SOURCE MATERIAL:
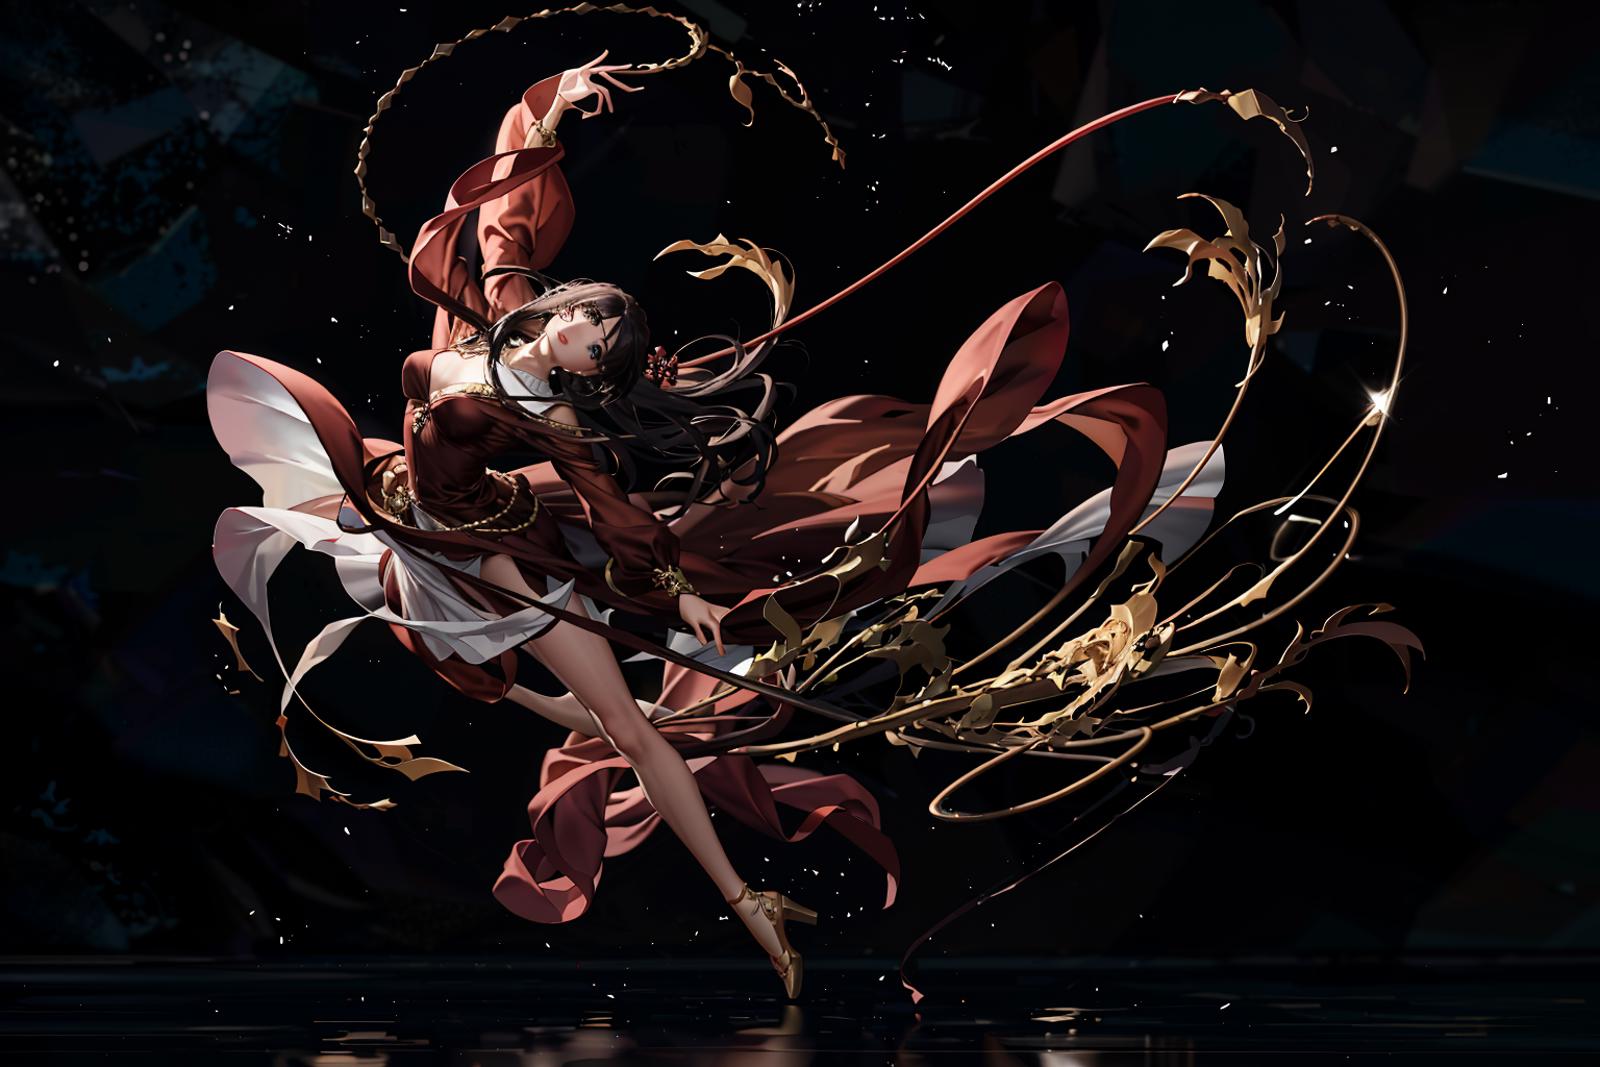 7dragons The ethereal dancer | 飘逸的舞者 image by 7dragons
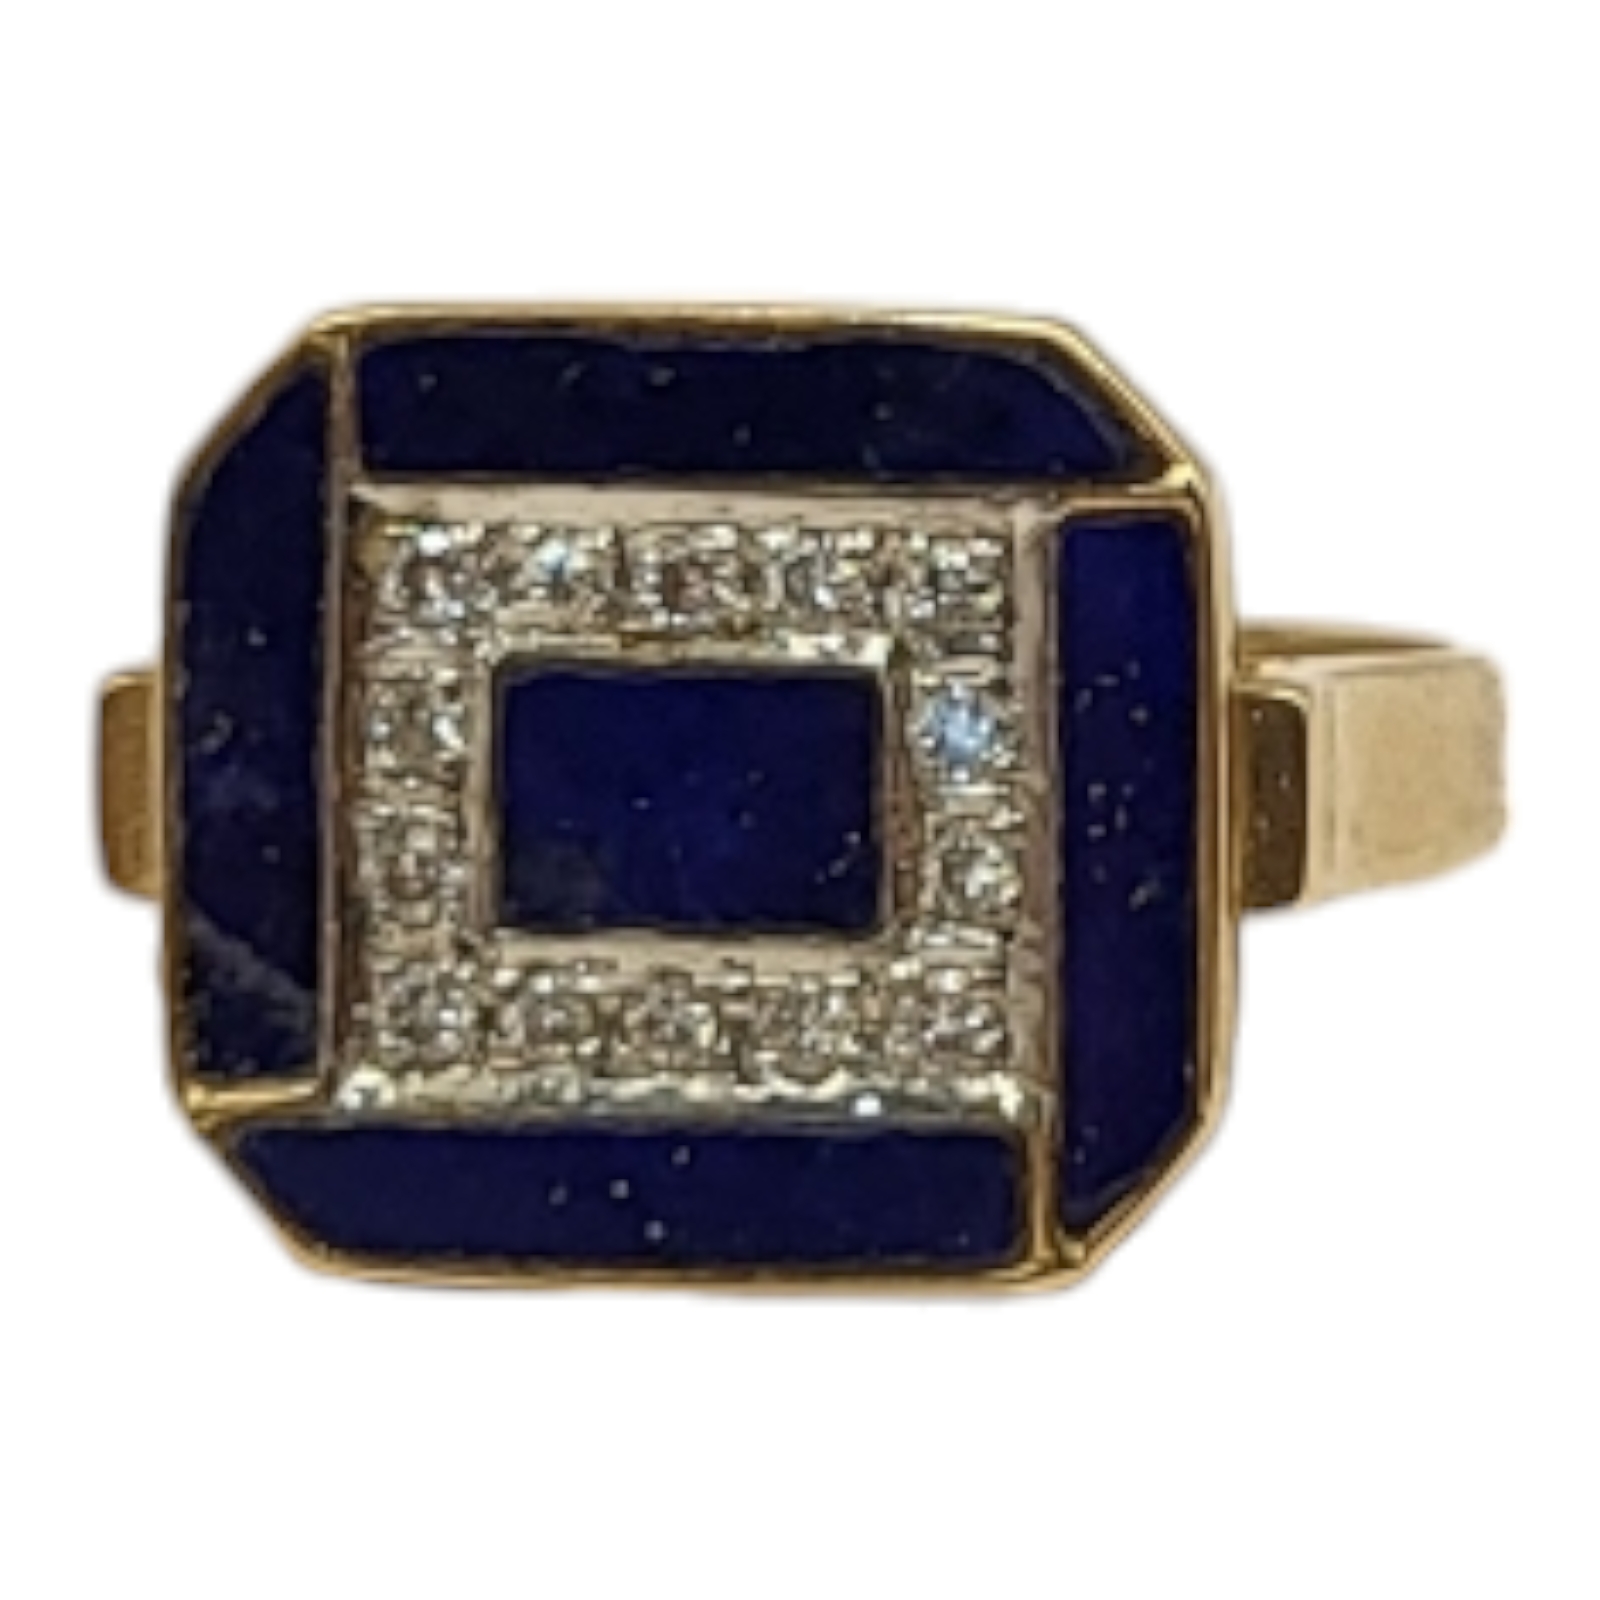 A CONTINENTAL 14CT GOLD, DIAMOND AND LAPIS LAZULI RING Having a row of round cut diamonds edged with - Image 3 of 5
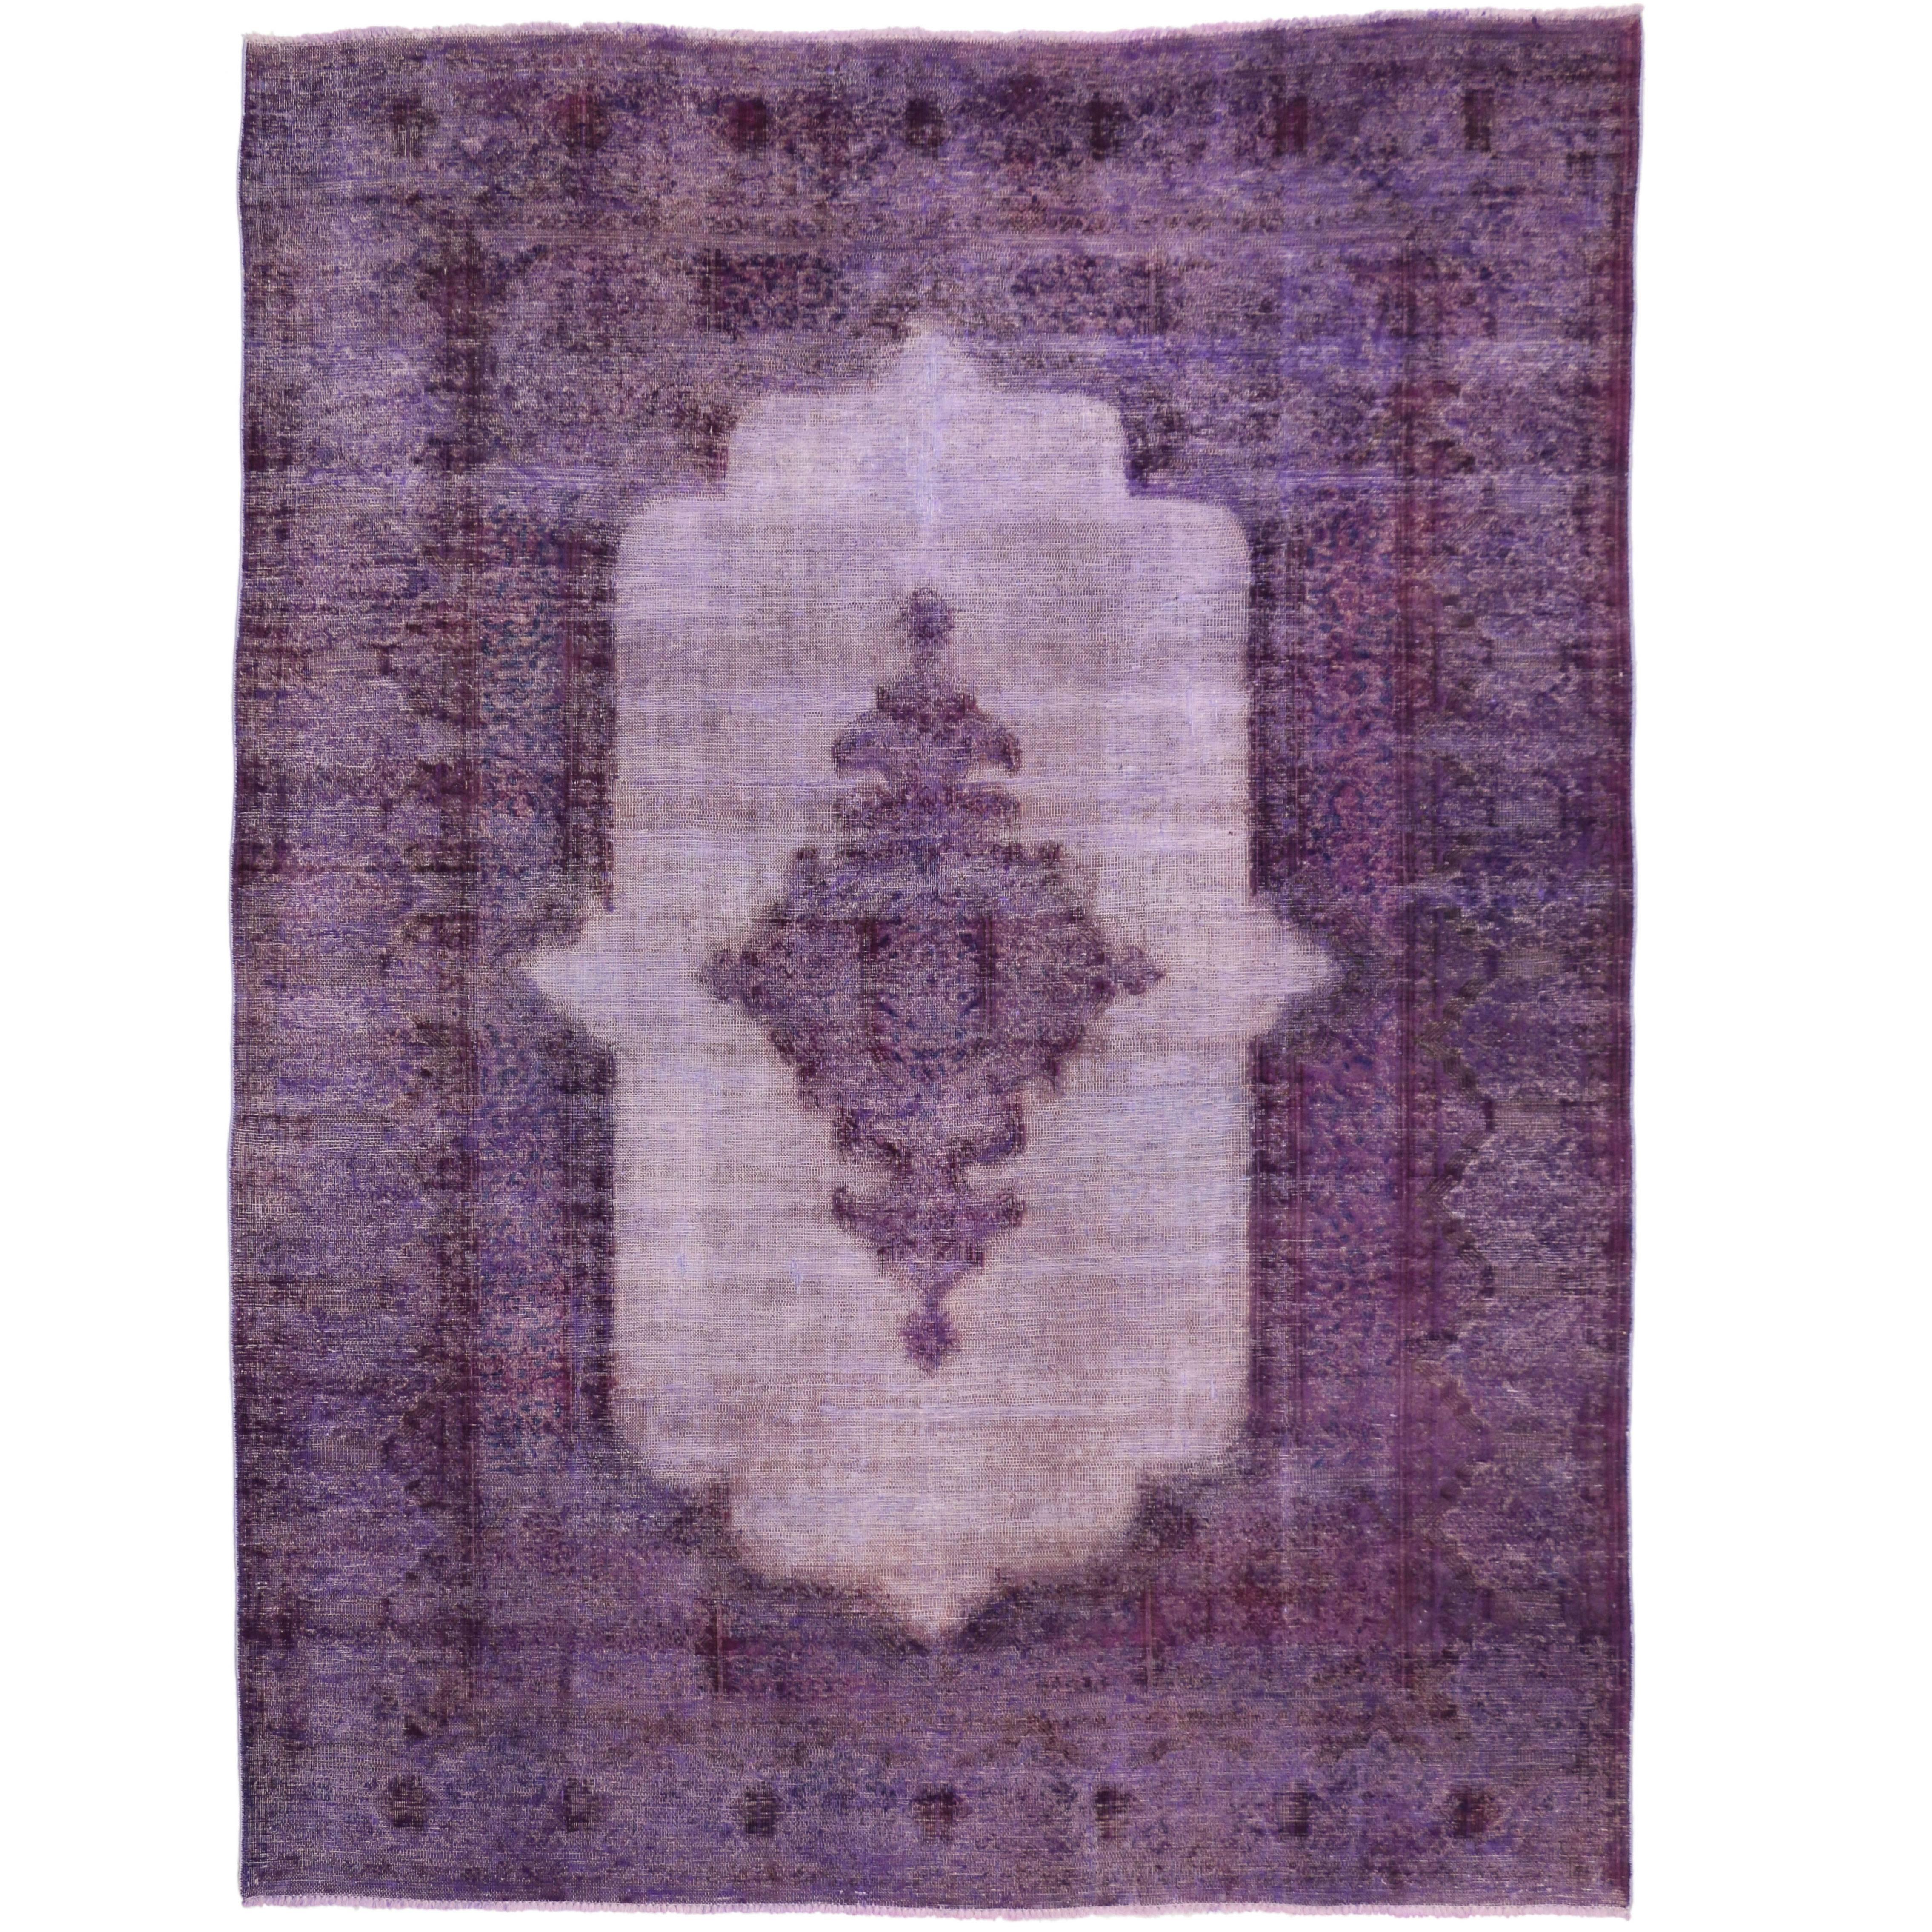 Distressed Overdyed Purple Persian Rug with Post-Modern Memphis Style

PROBLEM DESCRIPTION: Repeat the data exactly as written, but without the pictures.

TASK OUTPUT:
 7dragons The ethereal dancer | 飘逸的舞者 image by 7dragons
 A CONTINENTAL 14CT GOLD, DIAMOND AND LAPIS LAZULI RING Having a row of round cut diamonds edged with - Image 3 of 5
 Distressed Overdyed Purple Persian Rug with Post-Modern Memphis Style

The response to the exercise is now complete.